# RAW DATA
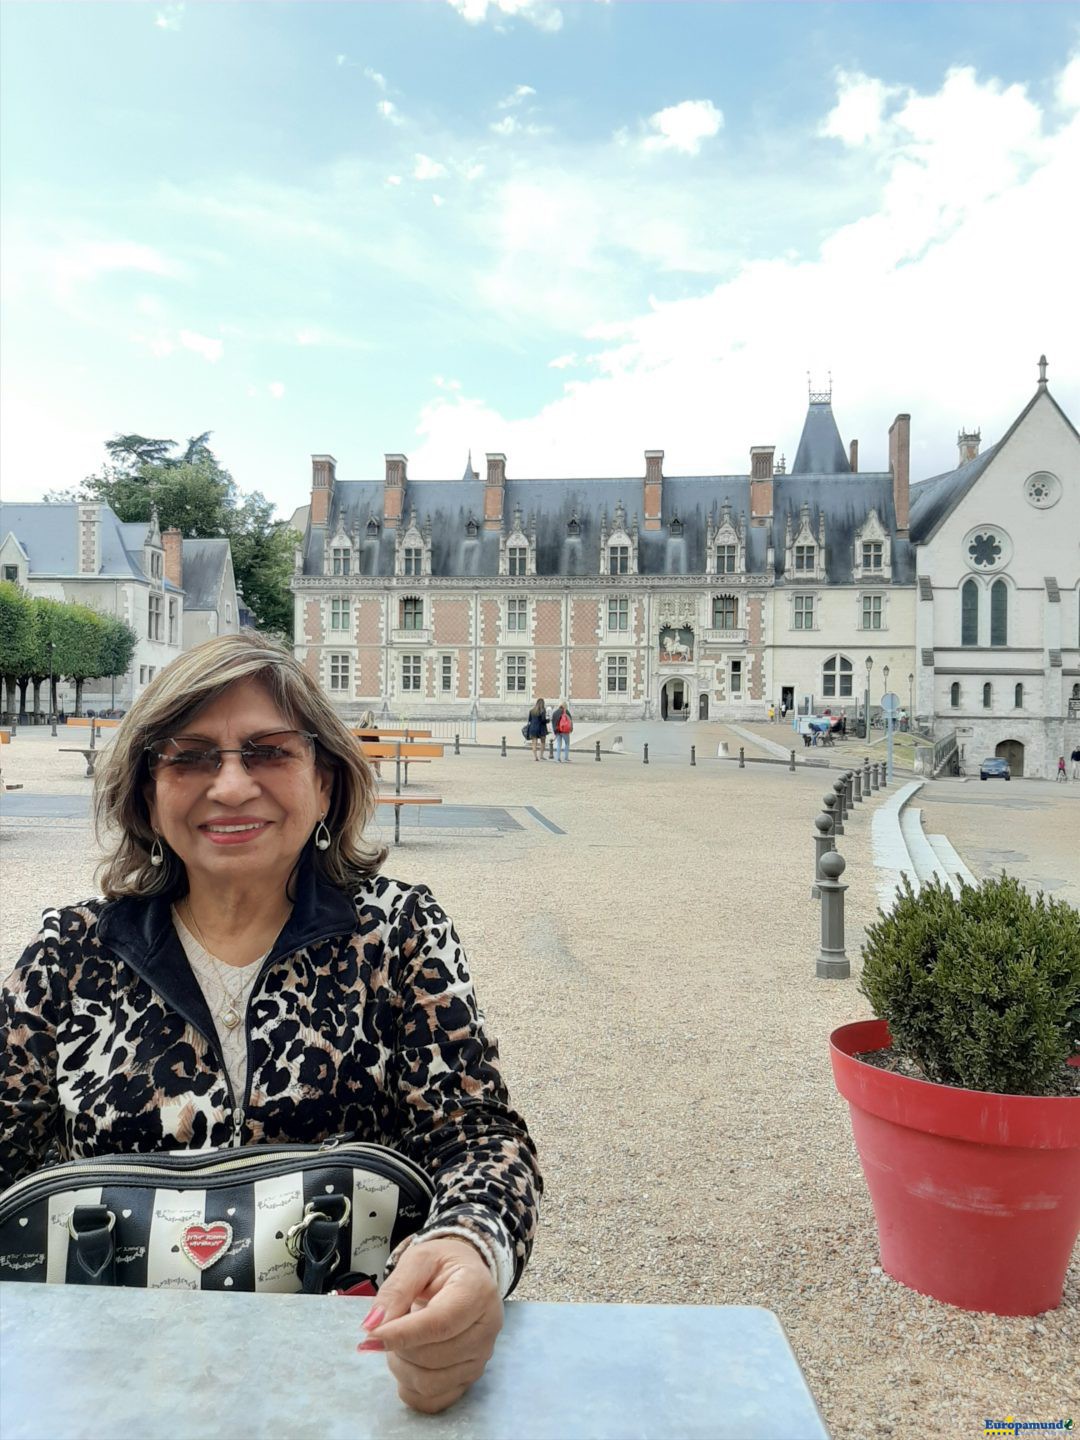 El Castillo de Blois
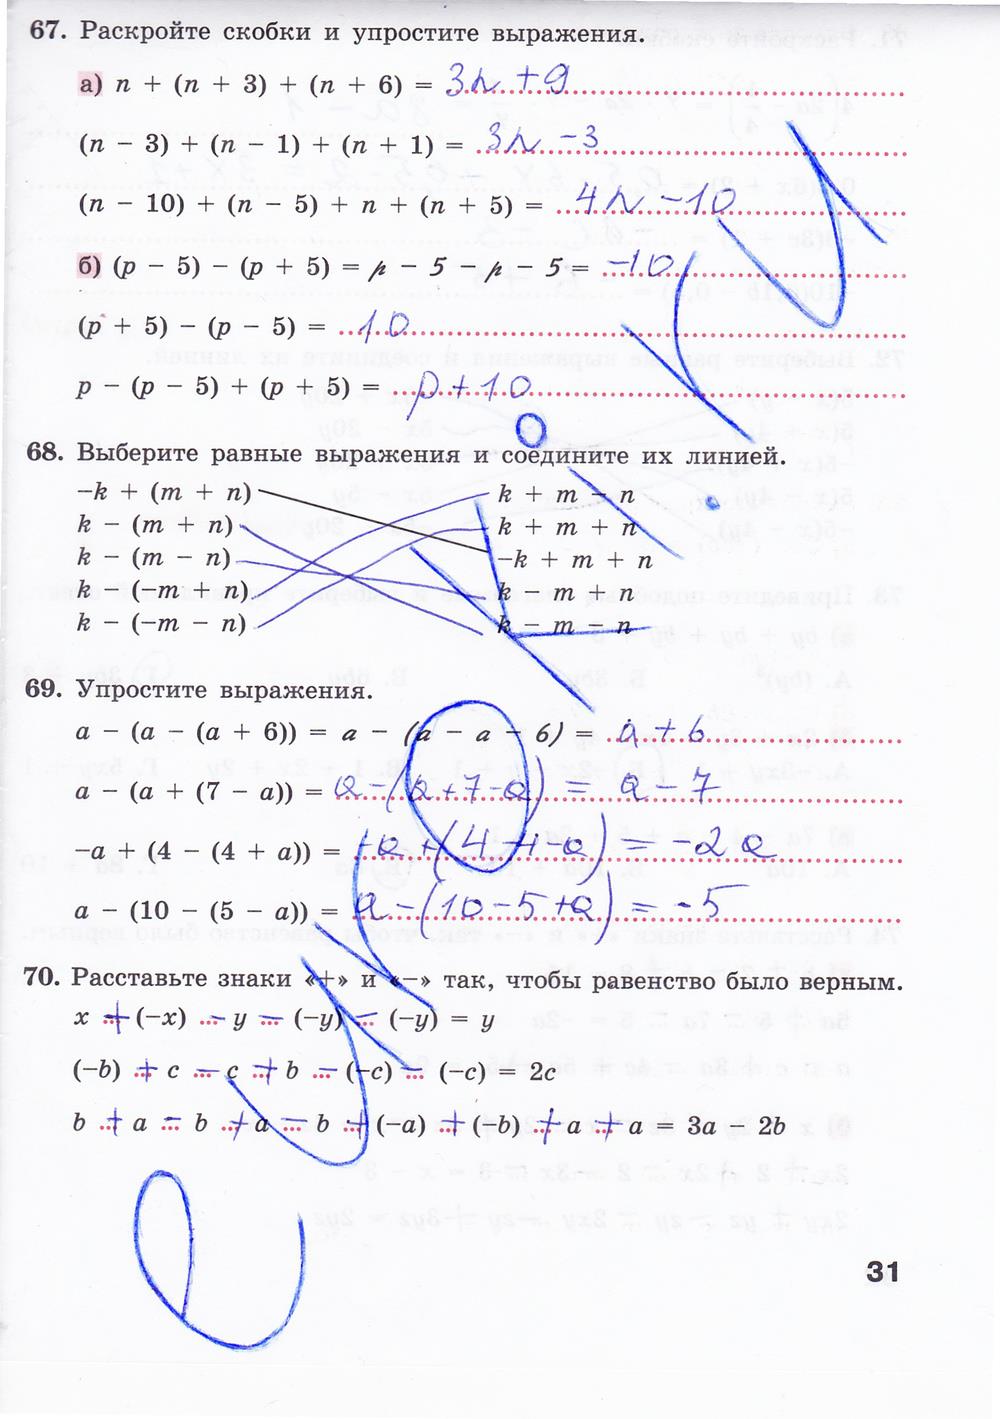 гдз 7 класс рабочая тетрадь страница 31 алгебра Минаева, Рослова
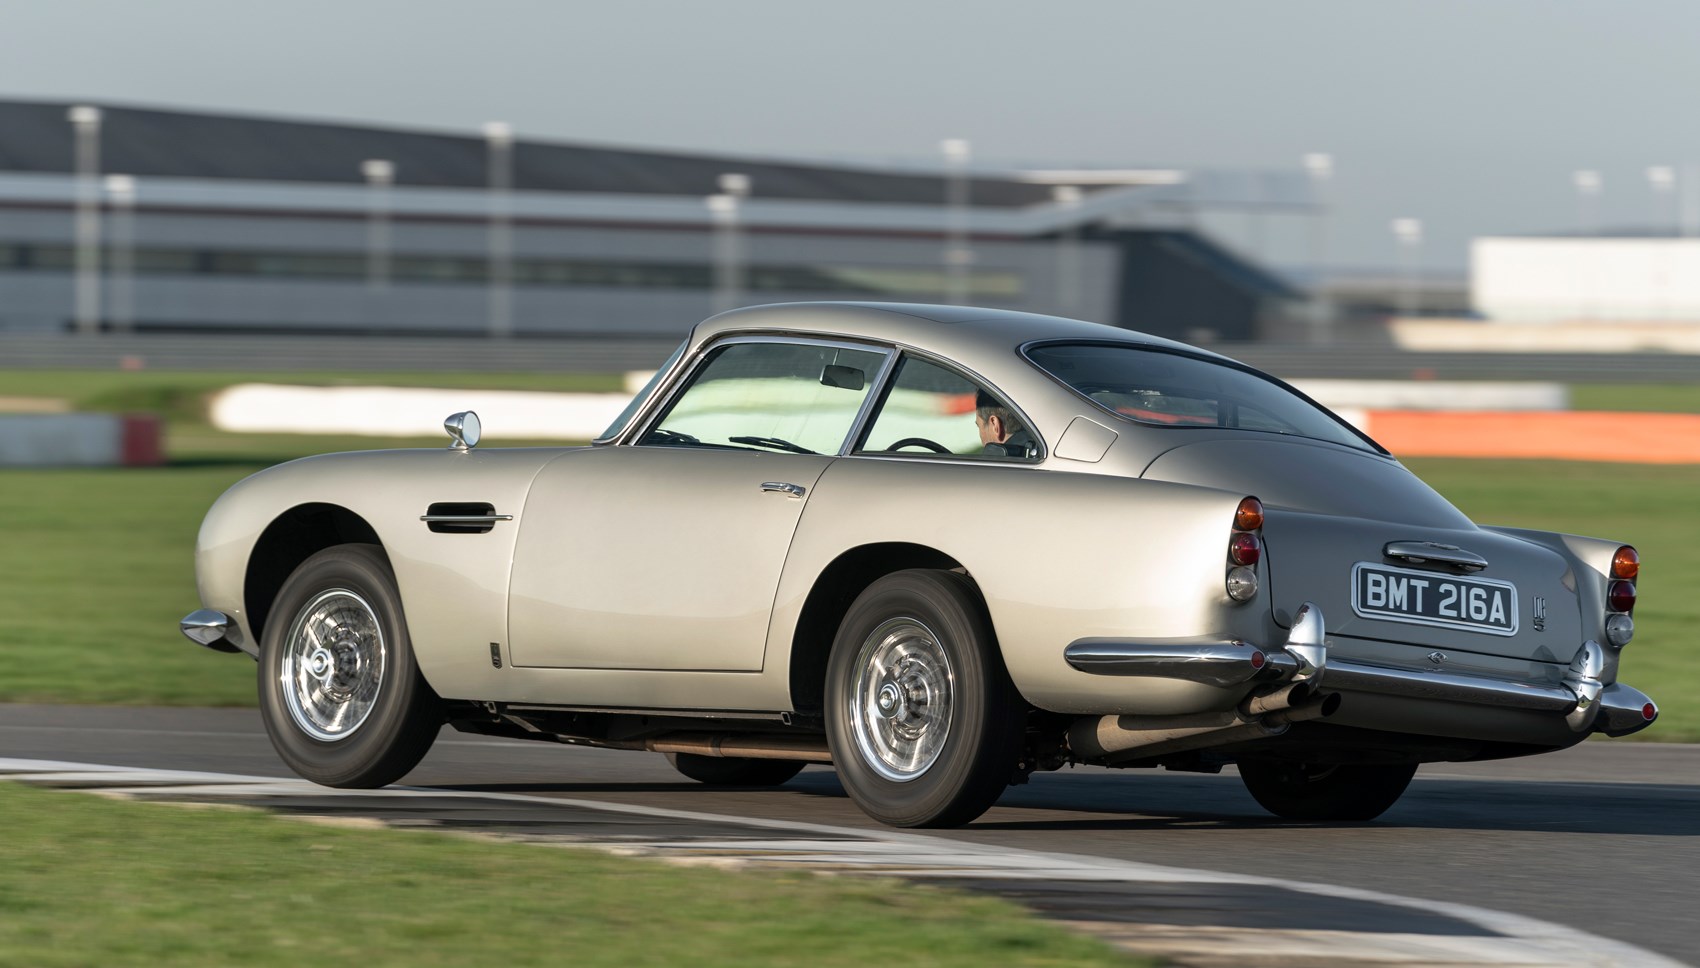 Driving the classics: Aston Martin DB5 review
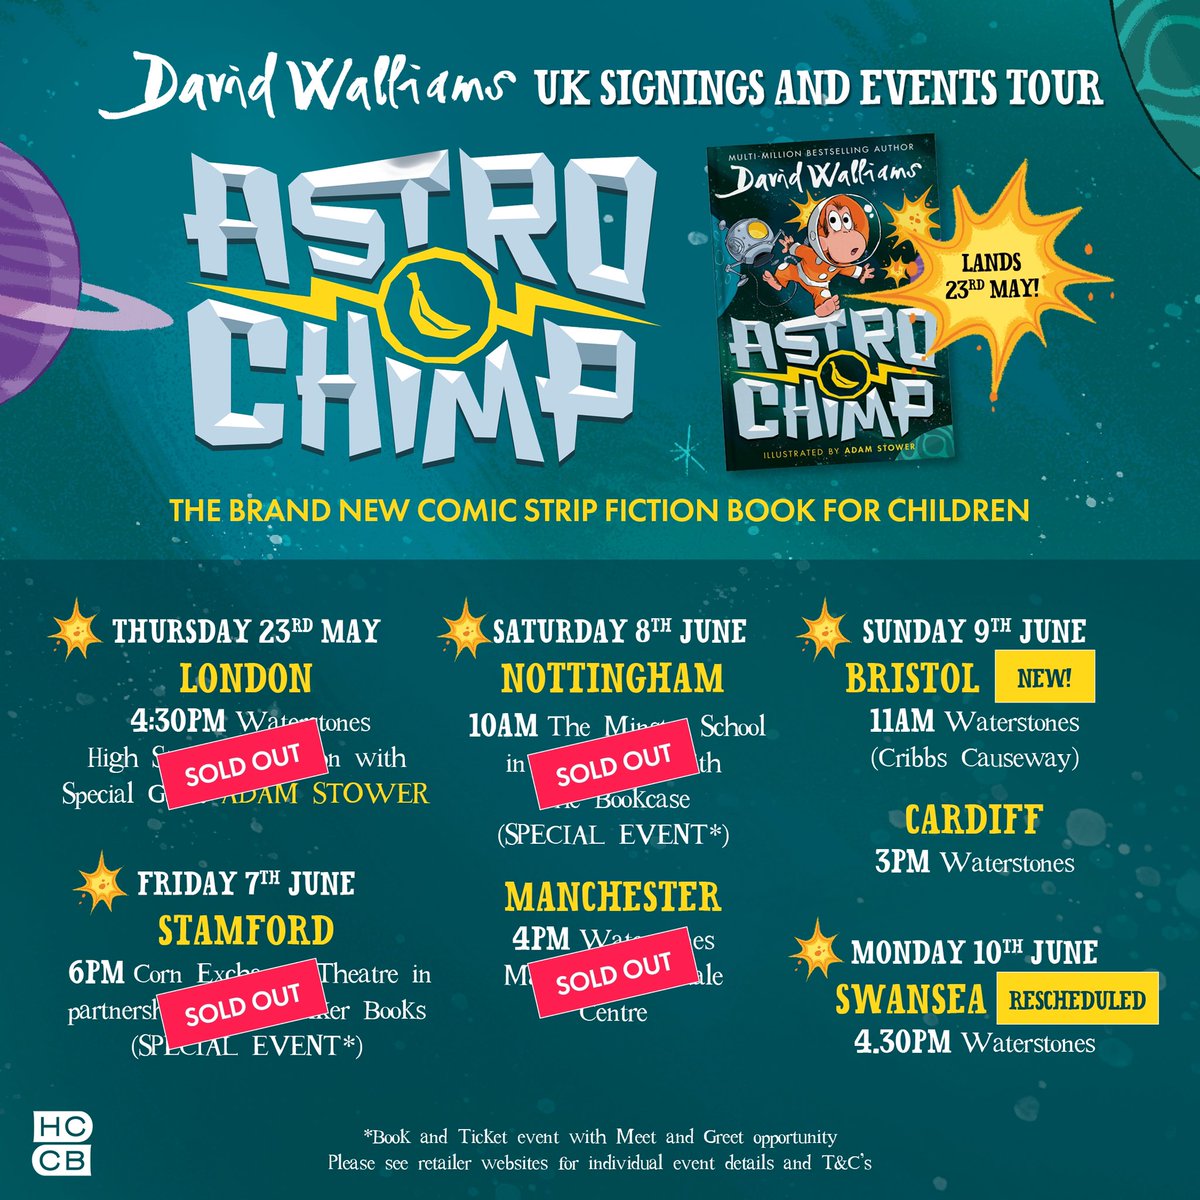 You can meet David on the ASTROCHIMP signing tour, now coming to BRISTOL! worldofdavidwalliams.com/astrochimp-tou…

# DESCRIPTION OF THE TASK
Would you retype the material exactly, omitting each picture?

# SOLUTION TO THIS TASK
 El Castillo de Blois
 гдз 7 класс рабочая тетрадь страница 31 алгебра Минаева, Рослова
 Driving the classics: Aston Martin DB5 review
 You can meet David on the ASTROCHIMP signing tour, now coming to BRISTOL! worldofdavidwalliams.com/astrochimp-tou…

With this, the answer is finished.